Polymers are encountered in everyday life and are of interest for many applications. In this study polymer classification was used as an example to investigate direct model transferability. Resin kits containing 46 materials representing the most important plastic resin used in industry today were used. Each material was treated as one class. Three resin kits were used to show prediction performance on different physical samples of the same material. The samples were measured by three randomly chosen MicroNIR™ OnSite spectrometers (labeled as Unit 1, Unit 2 and Unit 3).

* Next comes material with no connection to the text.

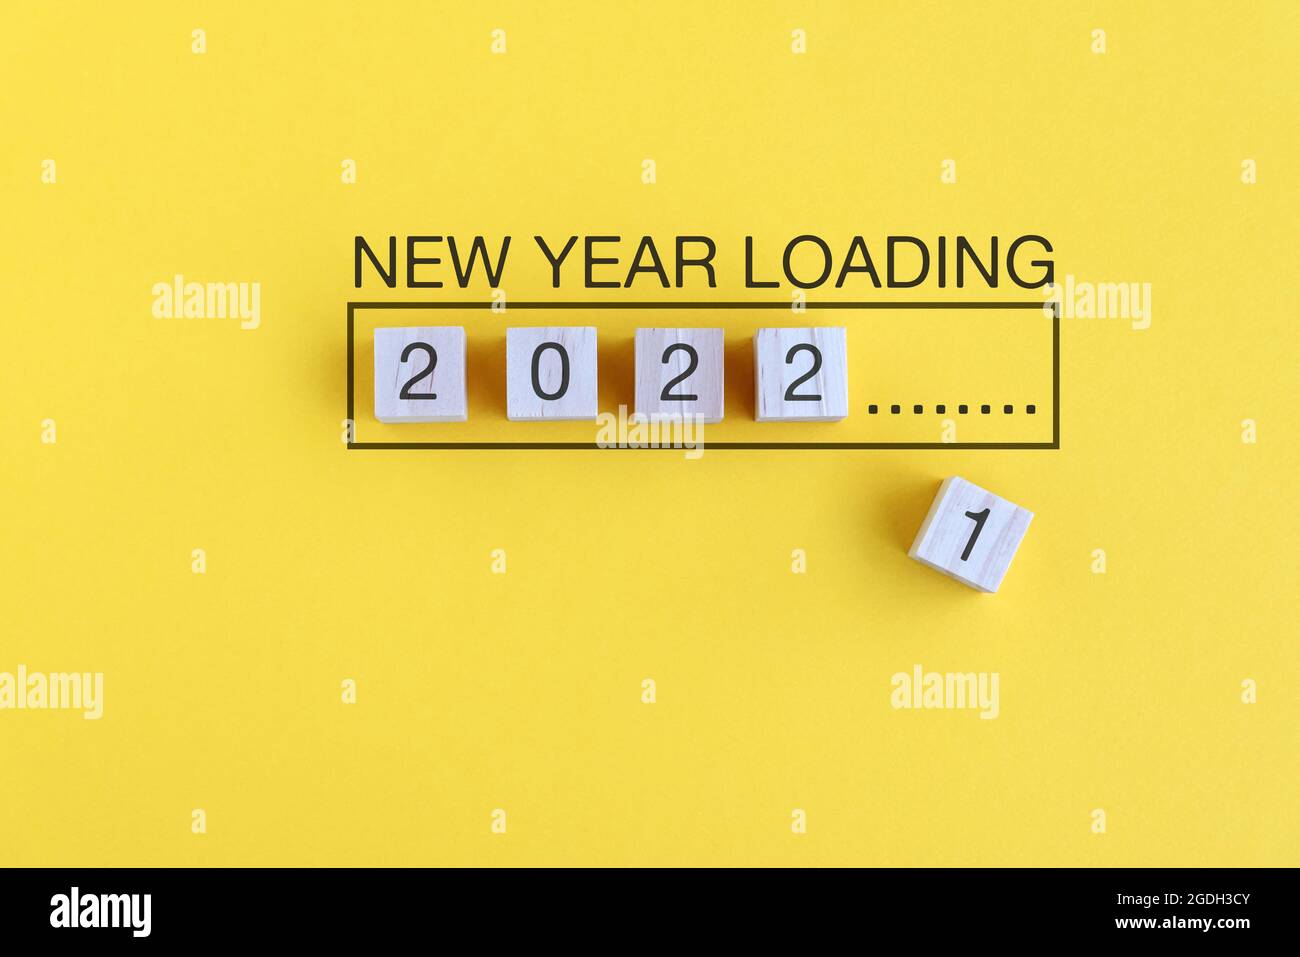 New Year 2022 Loading on yellow background Stock Photo
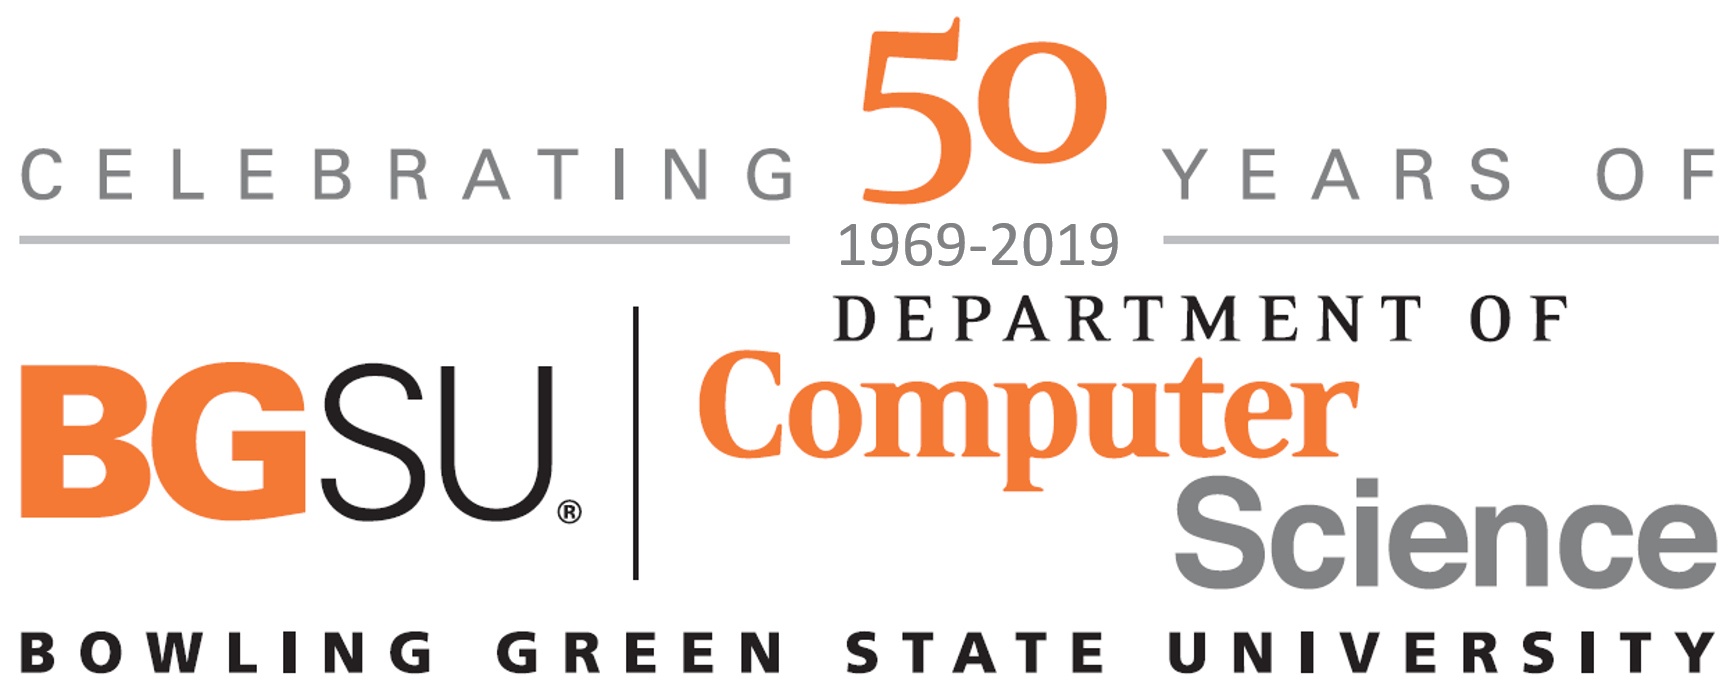 50 year of CS department image

2.1.2. Direct Model Transferability of the Classification Models
The performance of the polymer classification models was evaluated at four levels, the same-unit-same-kit performance, the same-unit-cross-kit performance, the cross-unit-same-kit performance, and the cross-unit-cross-kit performance. To account for the most variation in sample shape and thickness, each resin sample was scanned in five specified locations. In addition, at each position the sample was scanned in two orientations with respect to the MicroNIR™ lamps to account for any directionality in the structure of the molding. For each position and orientation, three replicate scans were acquired, totaling thirty scans per sample, per spectrometer. Prediction was performed for every spectrum in the validation set. For the same-unit-same-kit performance, the models built with data collected from four locations on each sample in one resin kit by one spectrometer were used to predict data collected from the other location on each sample in the same resin kit by the same spectrometer. The total number of predictions was 276 for all 46 materials for each case. For the same-unit-cross-kit performance, the models built with all the data collected from one resin kit by one spectrometer were used to predict all the data collected from a different resin kit by the same spectrometer. The total number of predictions was 1380 for all 46 materials for each case. For the cross-unit-same-kit performance, the models built with all the data collected from one resin kit by one spectrometer were used to predict all the data collected from the same resin kit by a different spectrometer. The total number of predictions was 1380 for all 46 materials for each case. For the cross-unit-cross-kit performance, the models built with all the data collected from one resin kit by one spectrometer were used to predict all the data collected from a different resin kit by a different spectrometer. The total number of predictions was 1380 for all 46 materials for each case. Five different classification algorithms were used to build the models, which were PLS-DA, SIMCA, TreeBagger, SVM and hier-SVM.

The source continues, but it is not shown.